Proposition A — Affordable Housing Bonds

See our March 2024 SF Election Guide for a nonpartisan analysis of measures and contests on the ballot in San Francisco for the election occurring March 5, 2024. Voters will consider the following proposition in that election.

Proposition A would allow San Francisco to borrow up to $300 million by issuing general obligation bonds. The city would use up to $240 million to build, buy or rehabilitate rental housing, including senior housing and workforce housing for low-income households.

“Housing affordability is one of the most pressing challenges in San Francisco today,” wrote Mayor London Breed in an official statement supporting the measure. “Wages have not kept up with the cost of housing and we are at risk of losing the diverse community of firefighters, teachers, nurses, veterans, families, and seniors who make San Francisco a special place to live.”

The city would also use up to $30 million to buy or rehabilitate existing units for use as affordable housing for low- and moderate-income households, and up to $30 million to buy, build or rehabilitate housing for people experiencing street violence, domestic violence, sexual abuse and assault, human trafficking or other trauma relating to homelessness.

San Francisco’s policy is to control the amount of money it borrows by issuing new bonds only when existing ones are paid off. The city could increase property taxes to help pay off the new bonds, and landlords would be allowed to pass through to tenants up to 50% of the cost of any increase in taxes related to the bonds.

The controller’s office estimates that it would cost San Francisco $544.5 million to cover the principal and interest that the city would owe on $300 million in bonds. The office estimates that, on the high side, the cost to a homeowner with a residence assessed at $700,000 would be an additional $55 in property taxes annually.

All 11 members of the Board of Supervisors sponsored the measure and voted to place it on the ballot.

Proposition A proponents say the city needs money to meet state requirements and local goals for producing and preserving more affordable housing.

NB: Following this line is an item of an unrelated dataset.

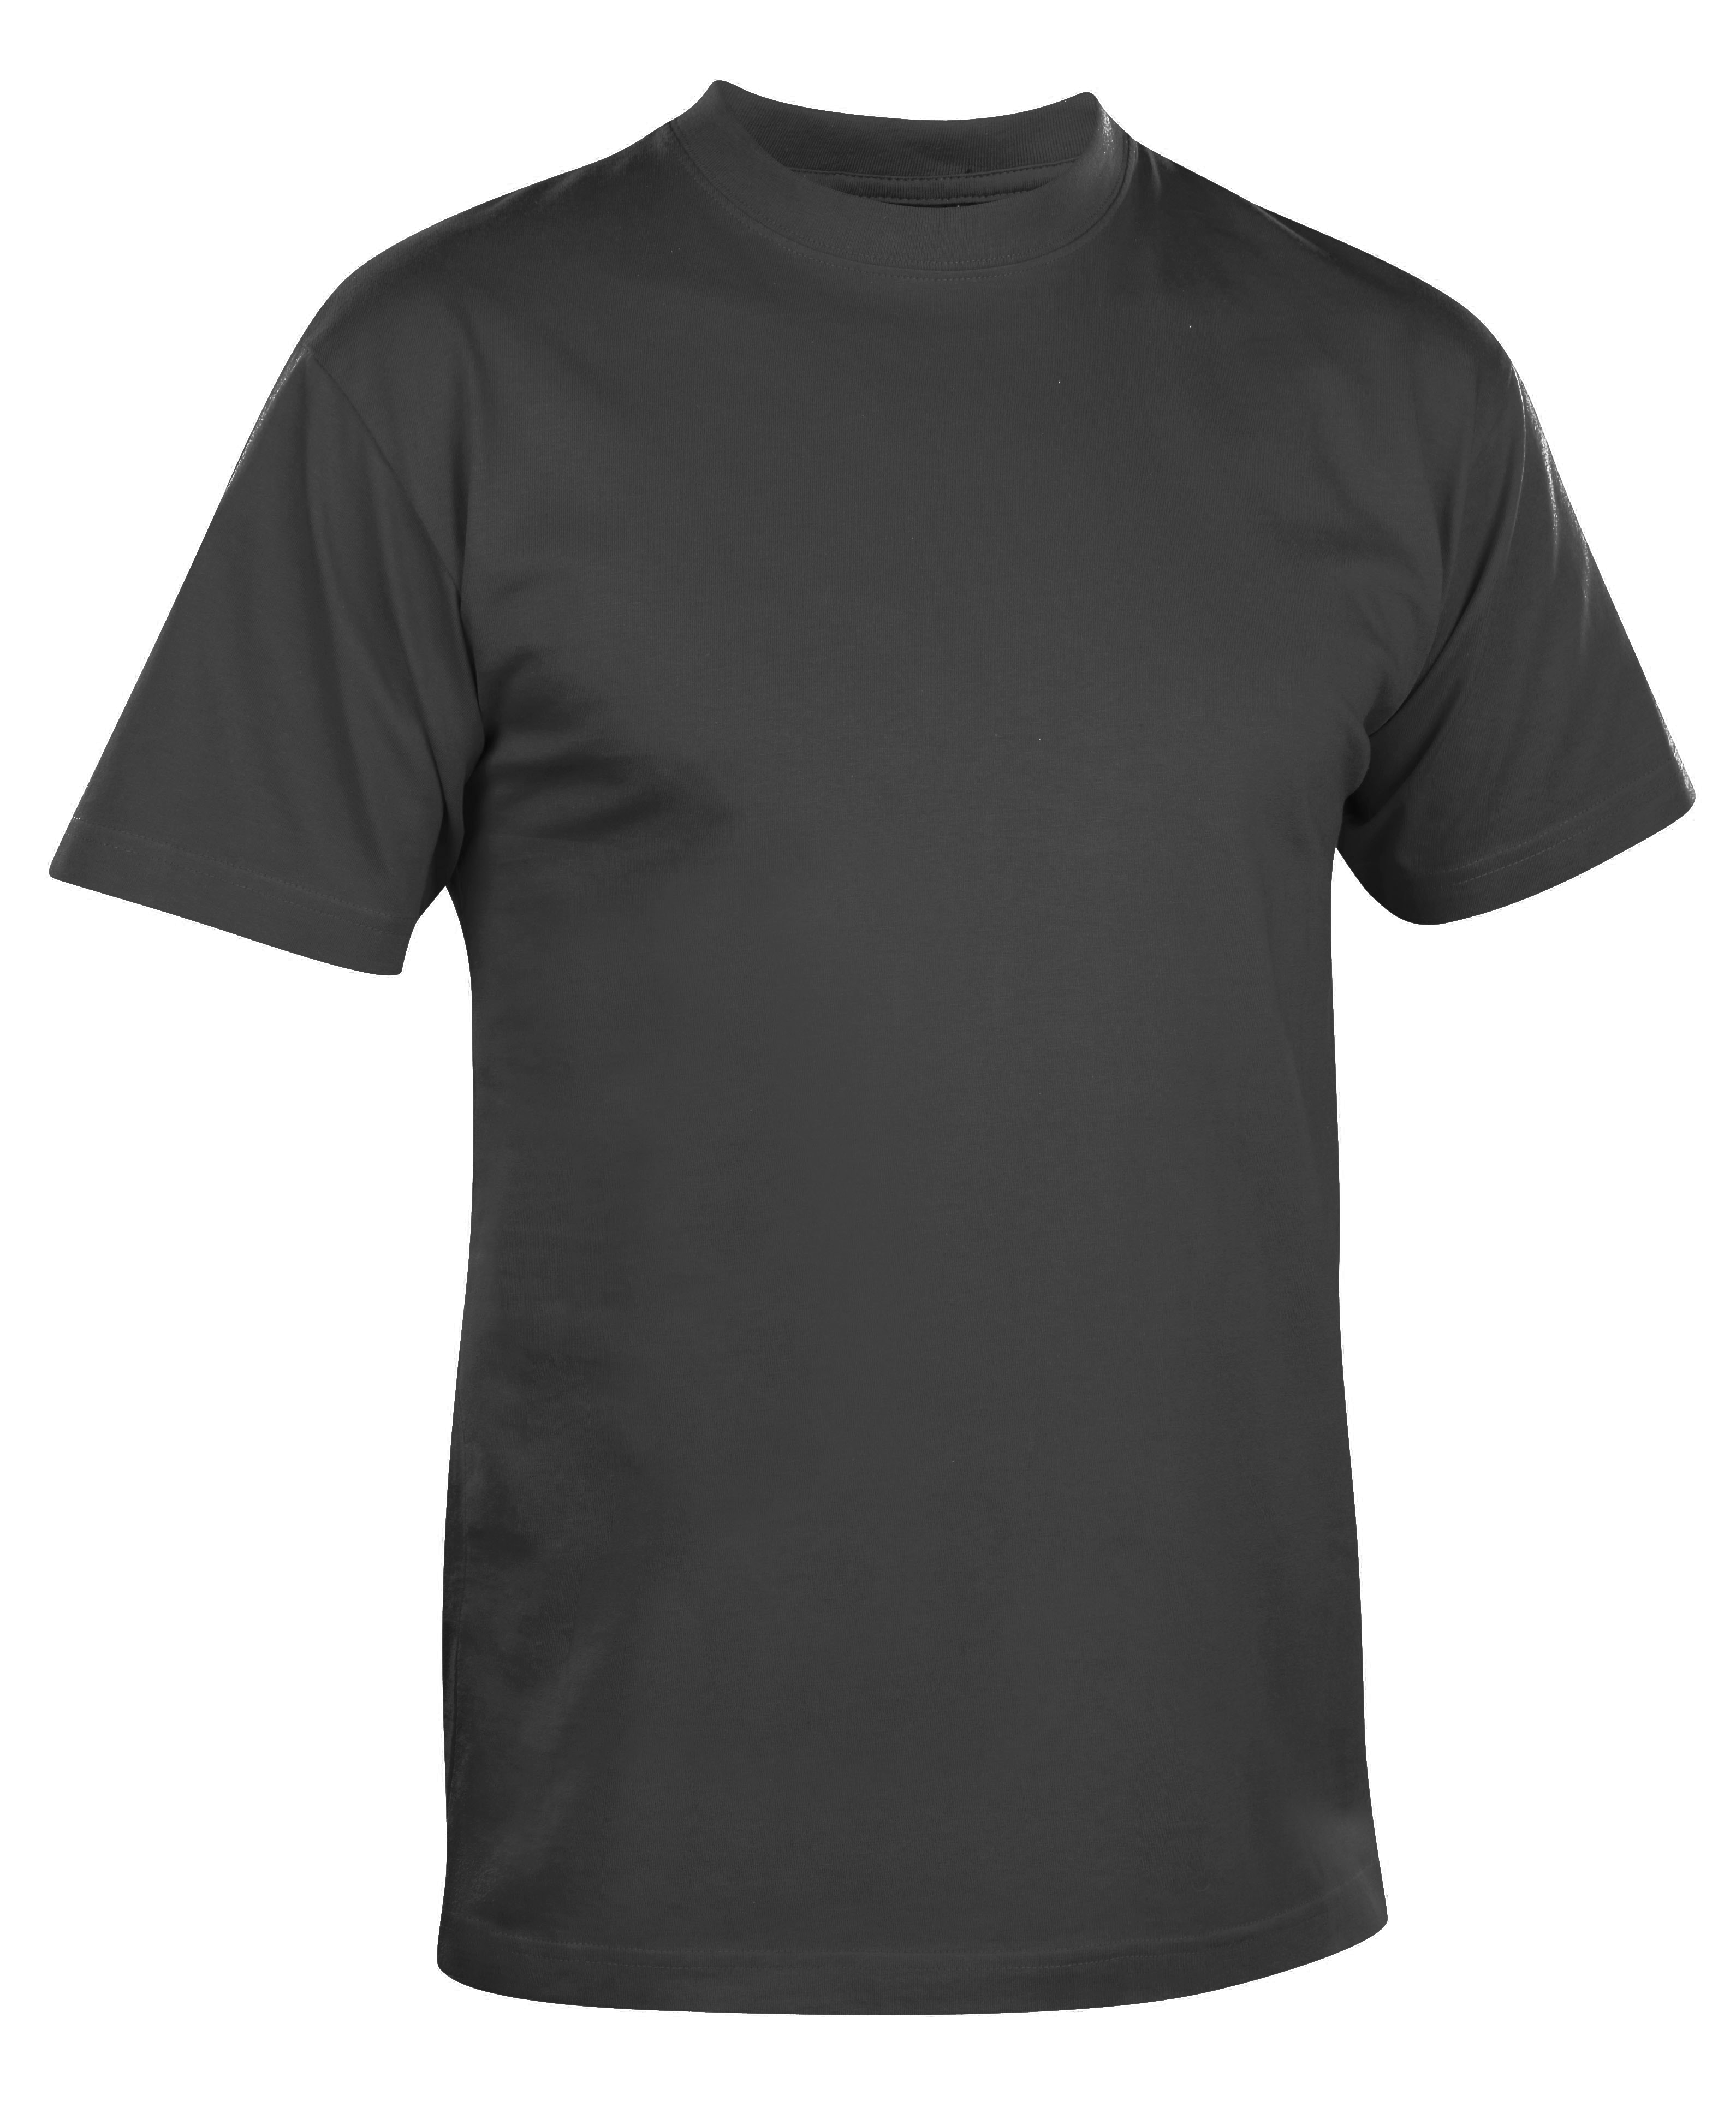 Black T-Shirt PNG Image

In 2022, median monthly rent for a two-bedroom apartment in San Francisco was $3,800, requiring an annual household income of $137,000 — which fewer than 40% of households took in that year — to be considered affordable, according to research compiled for the San Francisco Housing Element, which the city uses to guide housing strategy.

California set a requirement for San Francisco to add 46,598 units for households ranging from very low to moderate income by 2031. The city can build the housing or facilitate development by other entities, including private developers and nonprofit organizations.

The city expects to use up funds from housing bonds issued in 2015 and 2019 by 2028. The text of Proposition A notes the city’s difficulty in securing funding to meet its housing goals: “The economic environment for affordable housing has changed significantly in recent years, with state affordable housing funding programs becoming more competitive and severely oversubscribed, including the state’s allocation of volume cap for tax-exempt housing revenue bonds.”

A broad coalition joined Breed in signing the official statement supporting Proposition A, including Board of Supervisors President Aaron Peskin, the San Francisco Democratic County Central Committee, the San Francisco Labor Council, the Council of Community Housing Organizations, the San Francisco Council of District Merchants Associations, the San Francisco Bay Area Planning and Urban Research Association, Senior and Disability Action, United Educators of San Francisco, the San Francisco Women’s Political Committee and Mission Housing Development Corp.

Additional organizations submitted paid arguments in favor of the measure, including the Council of Community Housing Organizations, the Bill Sorro Housing Program, the Chinatown Community Development Center, the Haight Ashbury Neighborhood Council, Mercy Housing California, Mission Housing Development Corp., the Non-Profit Housing Association of Northern California, the Richmond District Democratic Club, the San Francisco Housing Accelerator Fund, the San Francisco Housing Development Corp., the San Francisco Human Services Network and the Tenderloin Neighborhood Development Corp.

Larry Marso submitted the official statement opposing the measure: “The Mayor and Board of Supervisors have embraced insane state mandates to build 82,000 new San Francisco homes over 5 years. Their plan changes the character of every neighborhood, buldozes [sic] the West Side, and brings poverty, drugs, crime and homelessness to a street corner near you.”

In his rebuttal to the proponents’ supporting statement, Marso, a Nob Hill resident, technology executive, attorney and mergers and acquisitions advisor, added that San Francisco should fight state affordable housing construction mandates.

The Citizens’ General Obligation Bond Oversight Committee would oversee and audit spending of the bond funds to ensure that they are used as intended.

This measure requires at least two-thirds affirmative votes to pass.

A “yes” vote means you want the city to issue $300 million in general obligation bonds to construct, develop, acquire or rehabilitate affordable housing in San Francisco.

A “no” vote means you do not want the city to issue $300 million in general obligation bonds to fund affordable housing.